Available data START

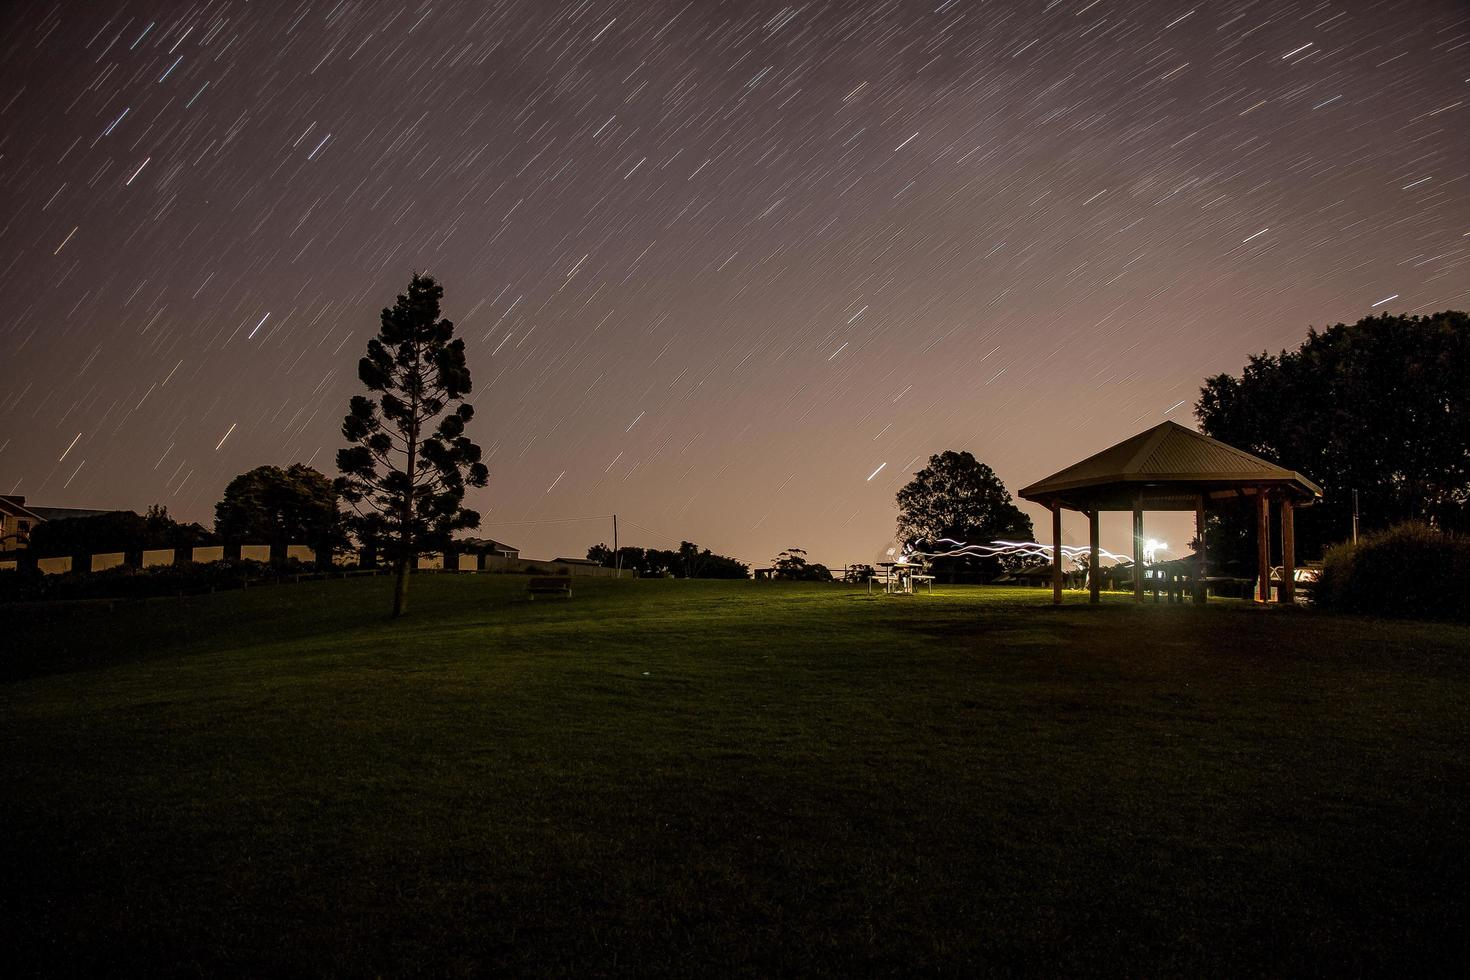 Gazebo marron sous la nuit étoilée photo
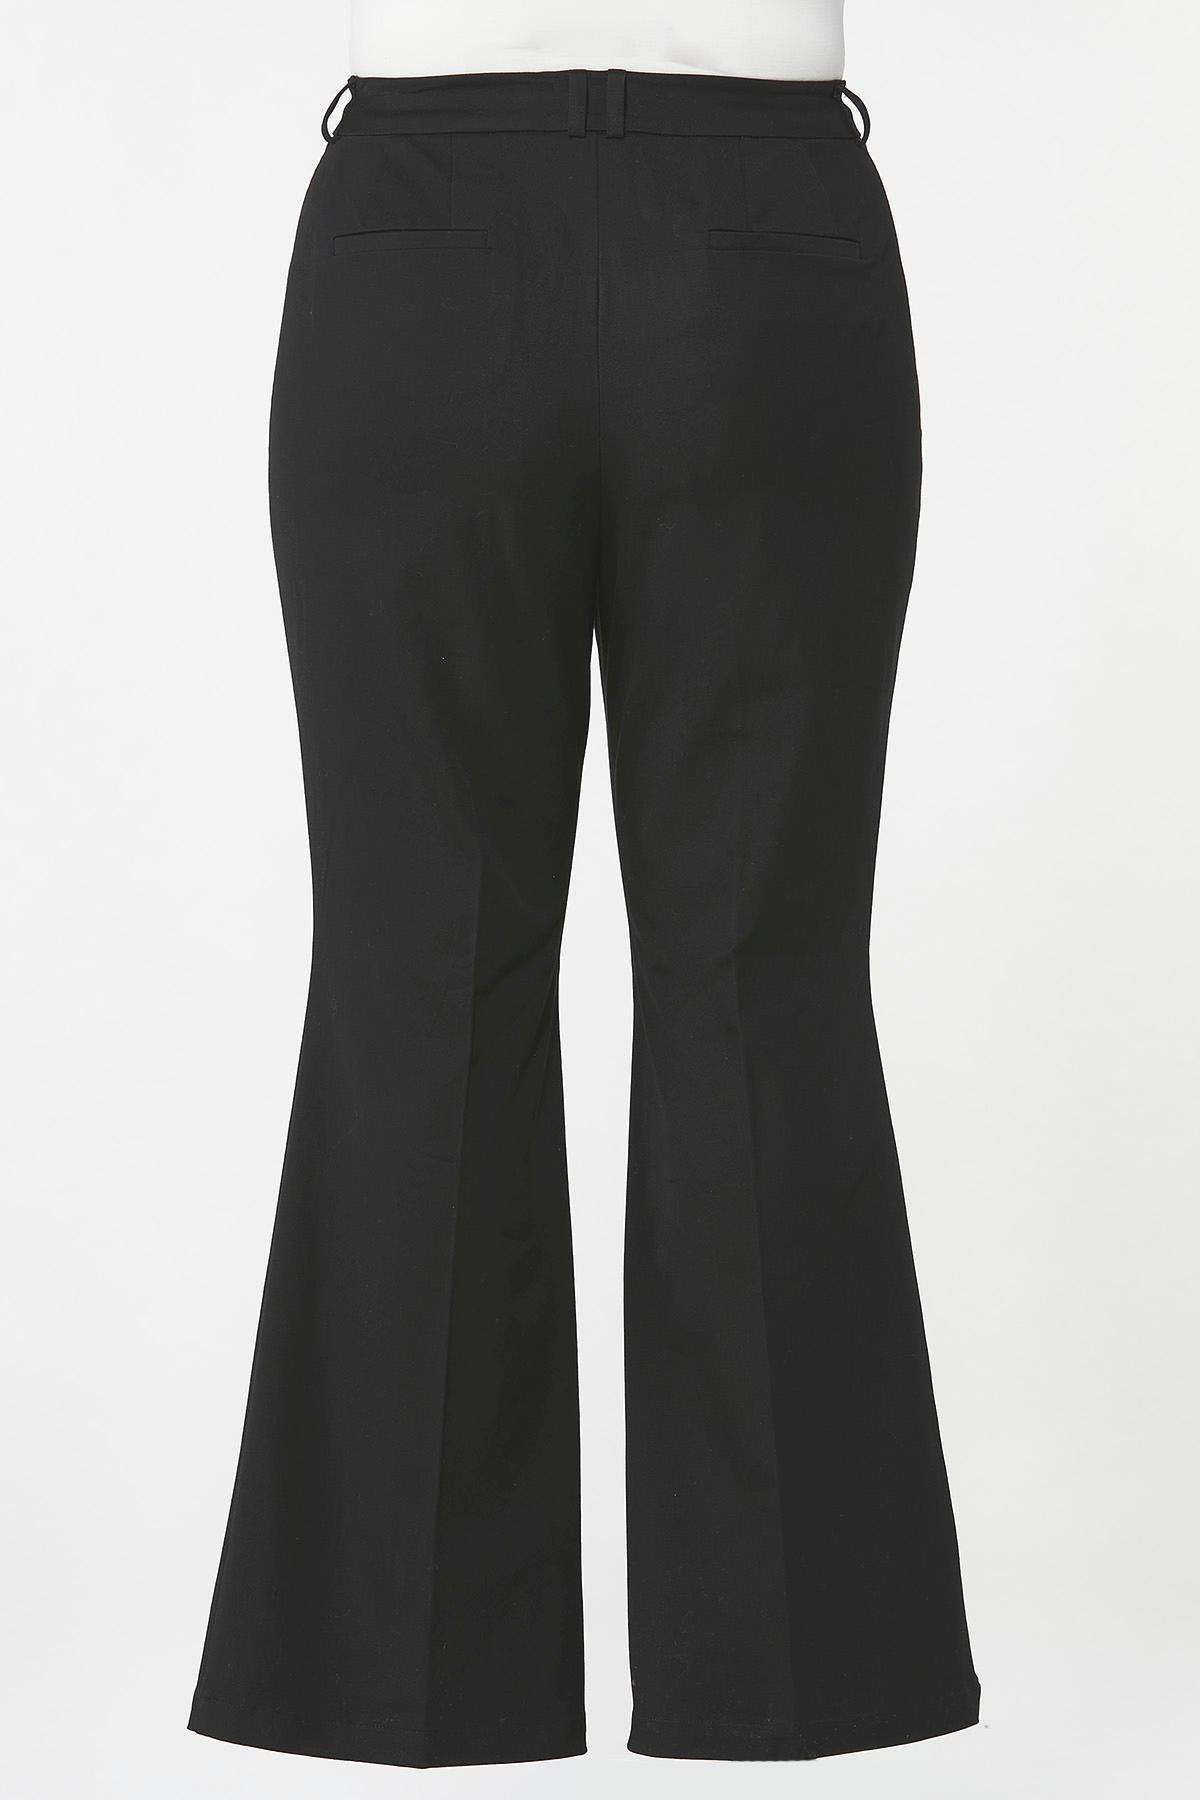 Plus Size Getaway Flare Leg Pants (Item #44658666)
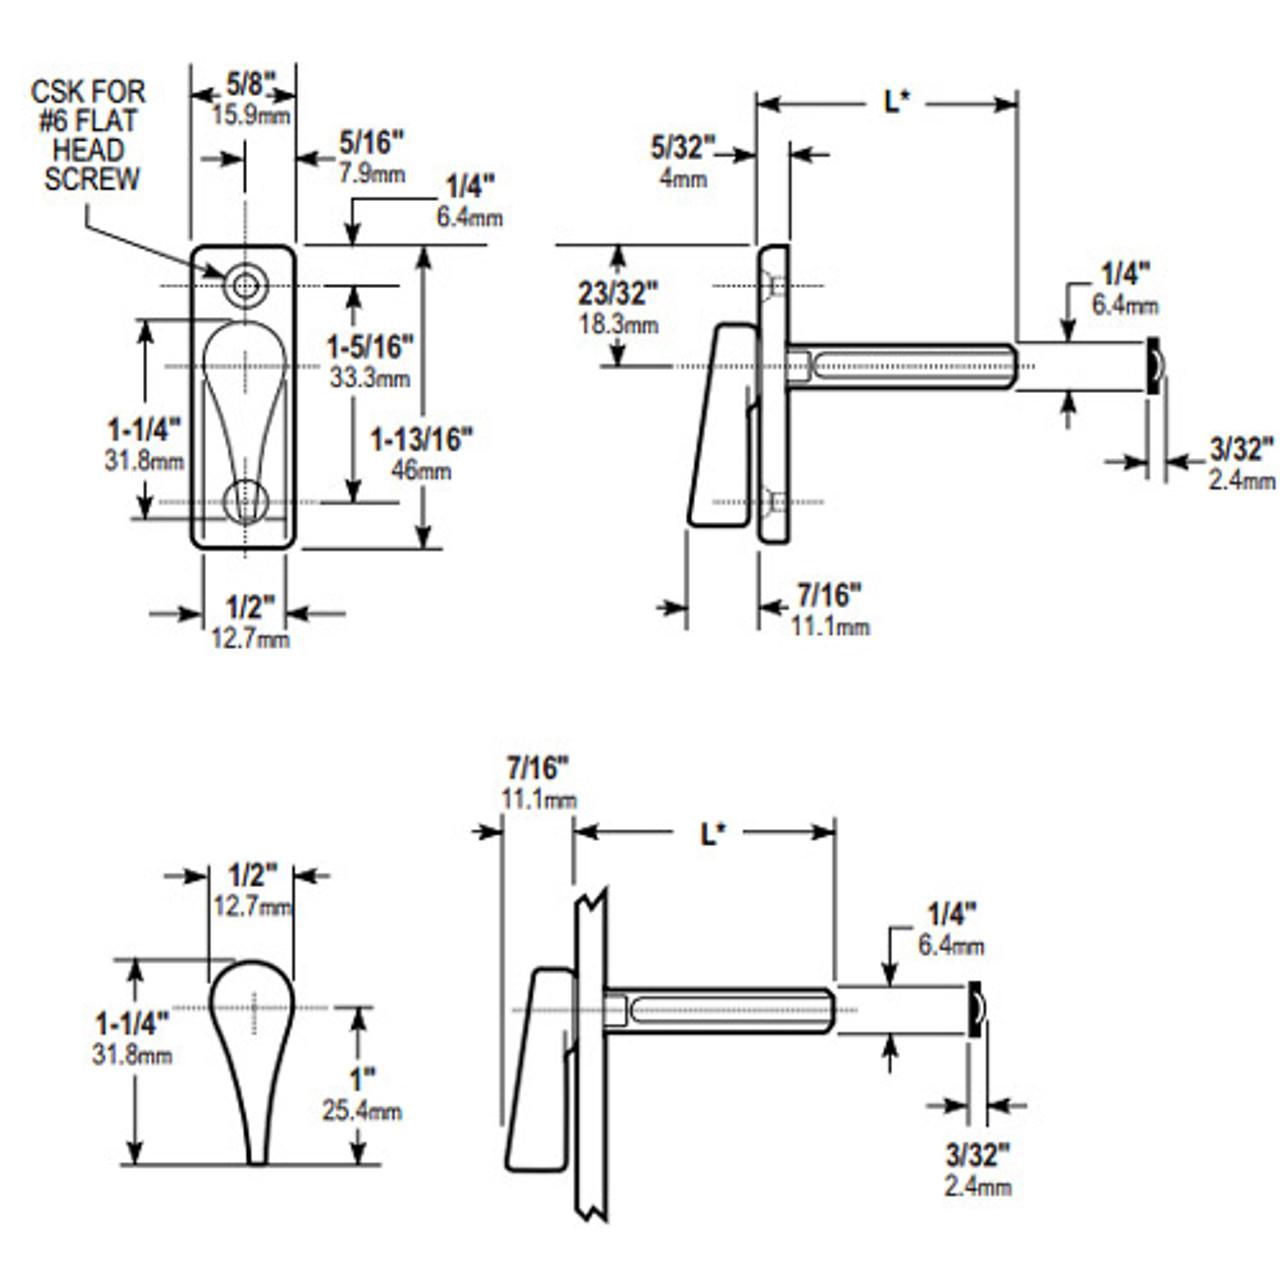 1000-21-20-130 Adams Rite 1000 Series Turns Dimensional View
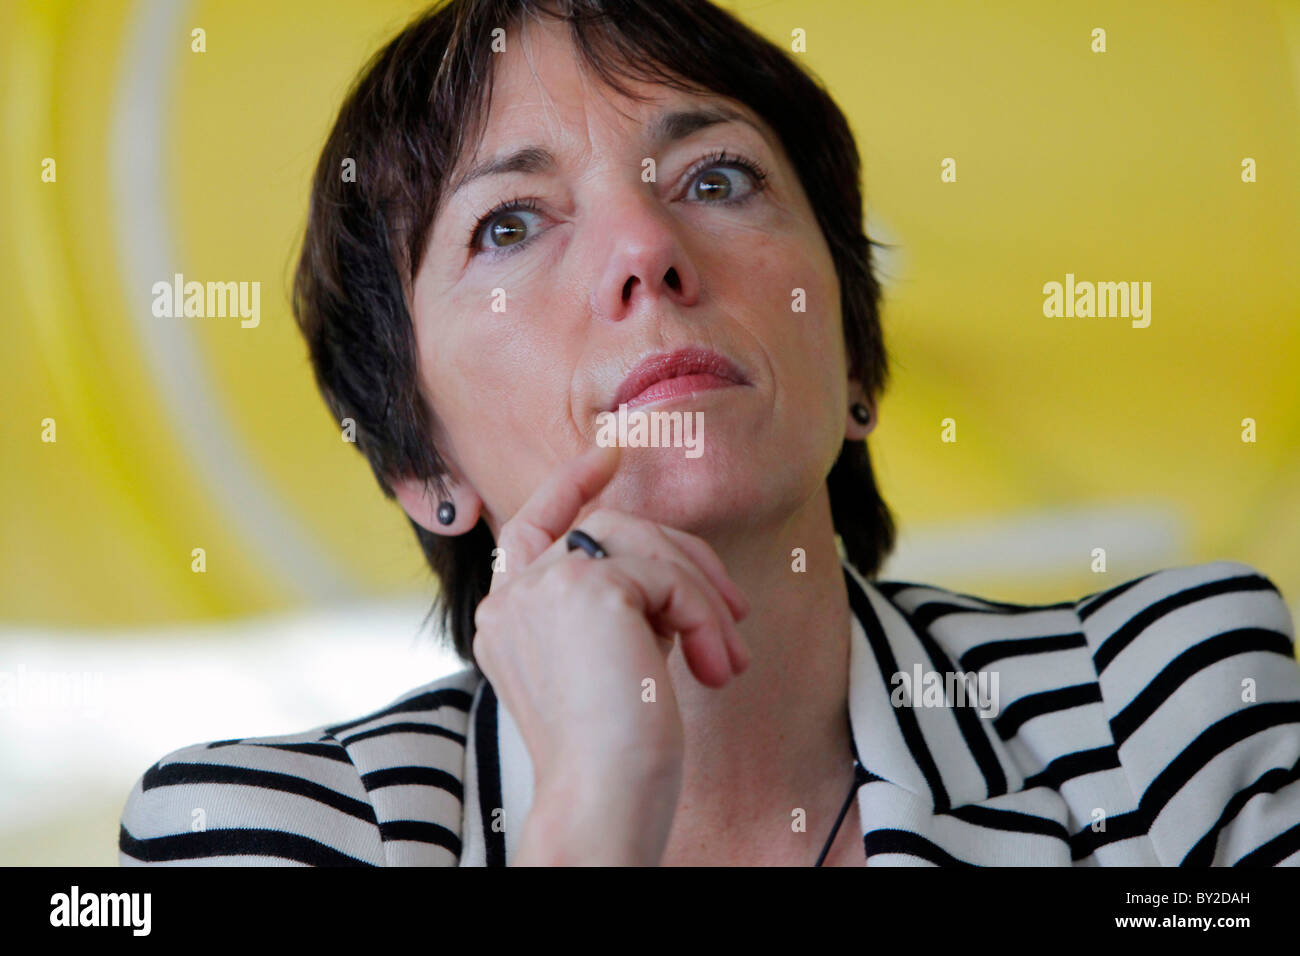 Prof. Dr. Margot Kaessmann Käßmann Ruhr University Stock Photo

Available data END

» **Problem to solve**
In the listing above, find the line containing "1000-21-20-130 Adams Rite" and restate it and every later line verbatim, with the pictures left out.

» **Answer to this task**
 1000-21-20-130 Adams Rite 1000 Series Turns Dimensional View
 Prof. Dr. Margot Kaessmann Käßmann Ruhr University Stock Photo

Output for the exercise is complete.